A big part of my first unit at the beginning of the year was learning all about graphs. More specifically, position versus time and velocity versus time. In this unit, I expanded on this previous knowledge by adding acceleration versus time graphs. I also found how to graphically represent an object when the surface isn't flat. This in turn changes my position versus time graph from having a straight line with a constant slope to either an exponential growth or decay graph. I developed new language to describe these new graphic ideas.
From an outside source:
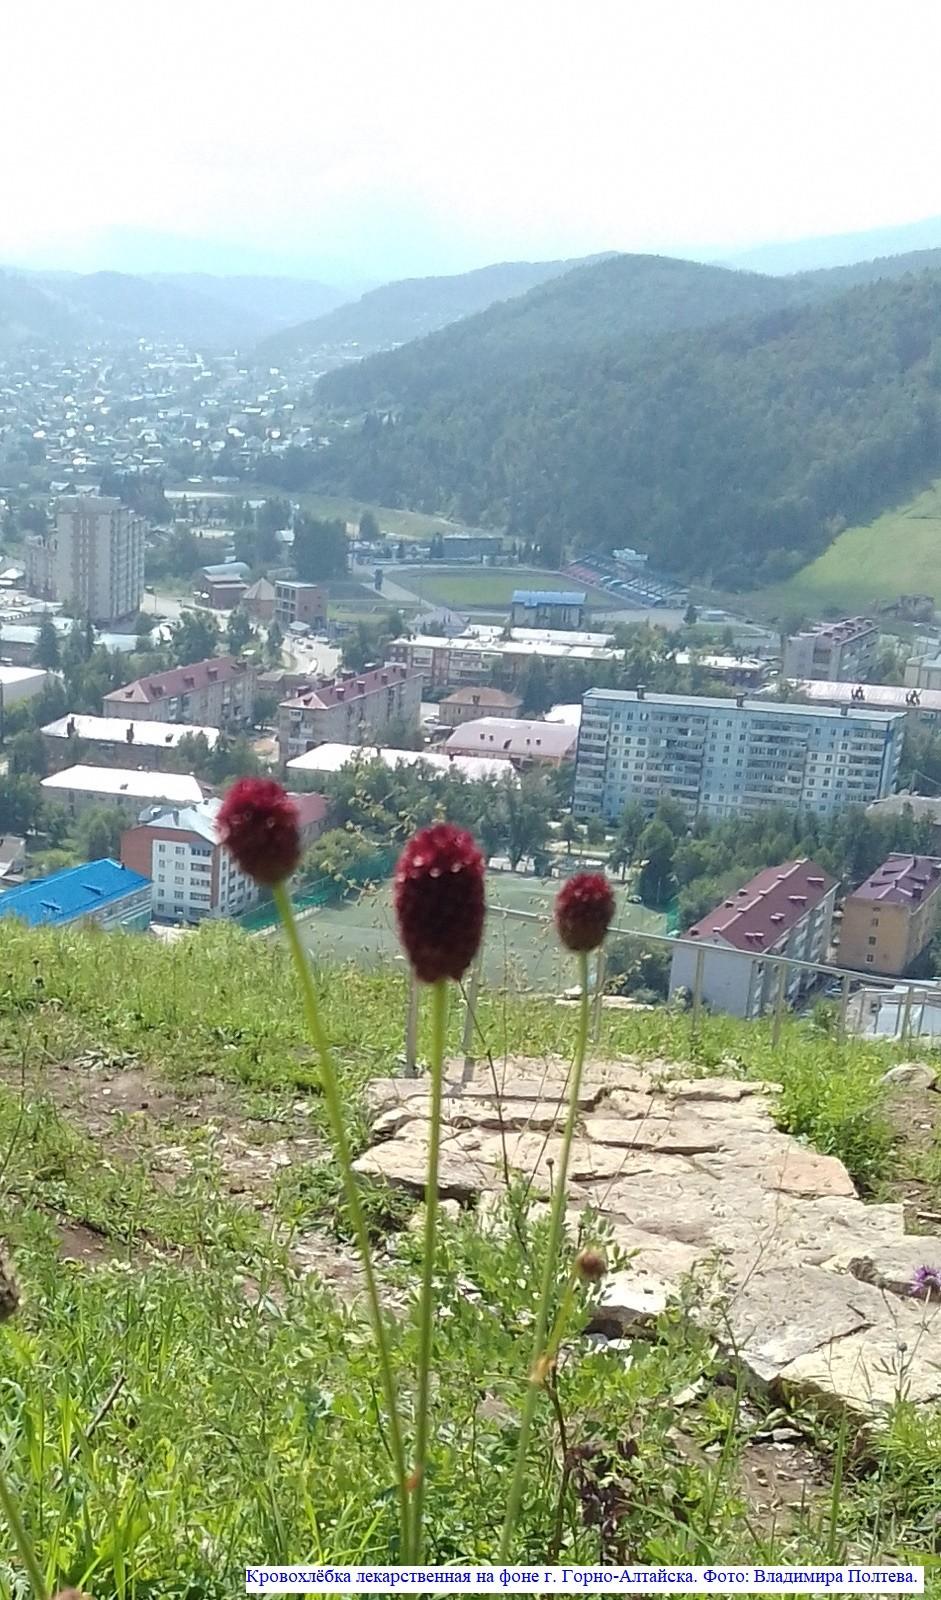 Кровохлёбка лекарственная на фоне г. Горно-Алтайска.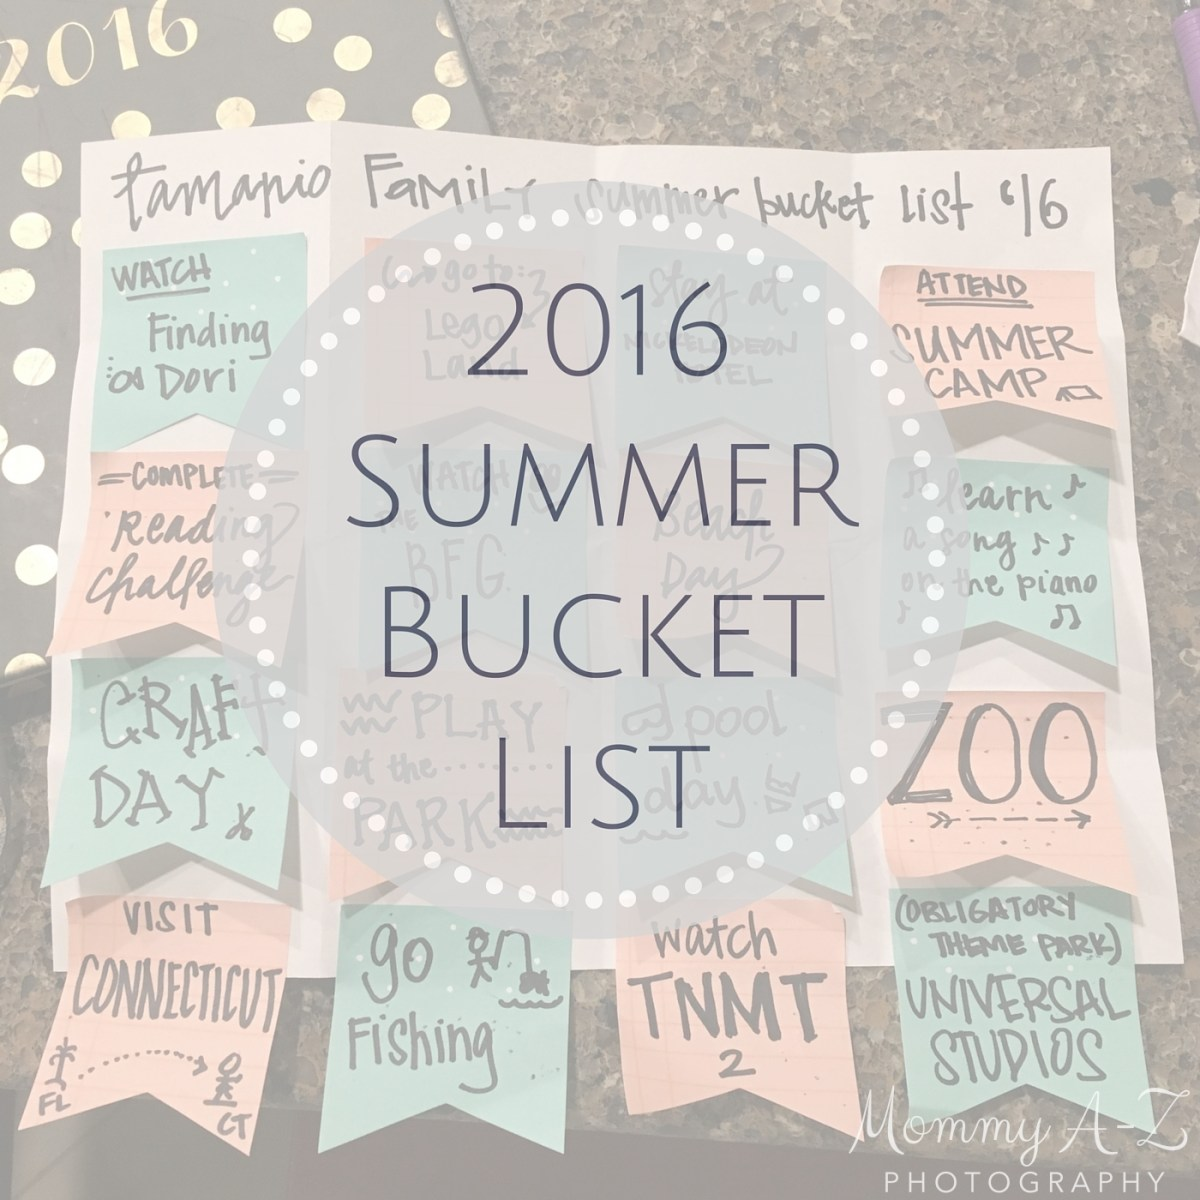 Summer Bucket List 2016

Despite adding all of these new ideas, I can still find things such as the displacement the same way as before; by finding the difference in the distance from the starting point to the ending point.
The same thing applies to my previous knowledge about velocity versus time graphs. I still retained all the same principles and ideas from the first unit, I just added some new knowledge to the mix. However, this time I played with the idea of a velocity versus time graph having a constant slope, meaning that the acceleration (as the slope) is staying constant as well. This meant that my velocity graph was no longer just a straight line; it began to look more like a position versus time graph from the first unit. This took on a different meaning, depending on which way the object is traveling and if it's accelerating or decelerating. Here's an example graph below:
We can tell that the object is accelerating because it's covering more distance in less time as the test runs. However, this acceleration is towards the sensor, because the position from the sensor is getting smaller. My velocity versus time graph would start down below the line, as the object is moving towards the sensor, but be moving from the origin down at a constant pace. The velocity graph is constant because the object's speed is constantly increasing, which is the acceleration (also the slope for velocity versus time). This summary has giving me a clearer picture of what I have learned going into the test, and I hope to revisit this throughout the year for additional help if needed!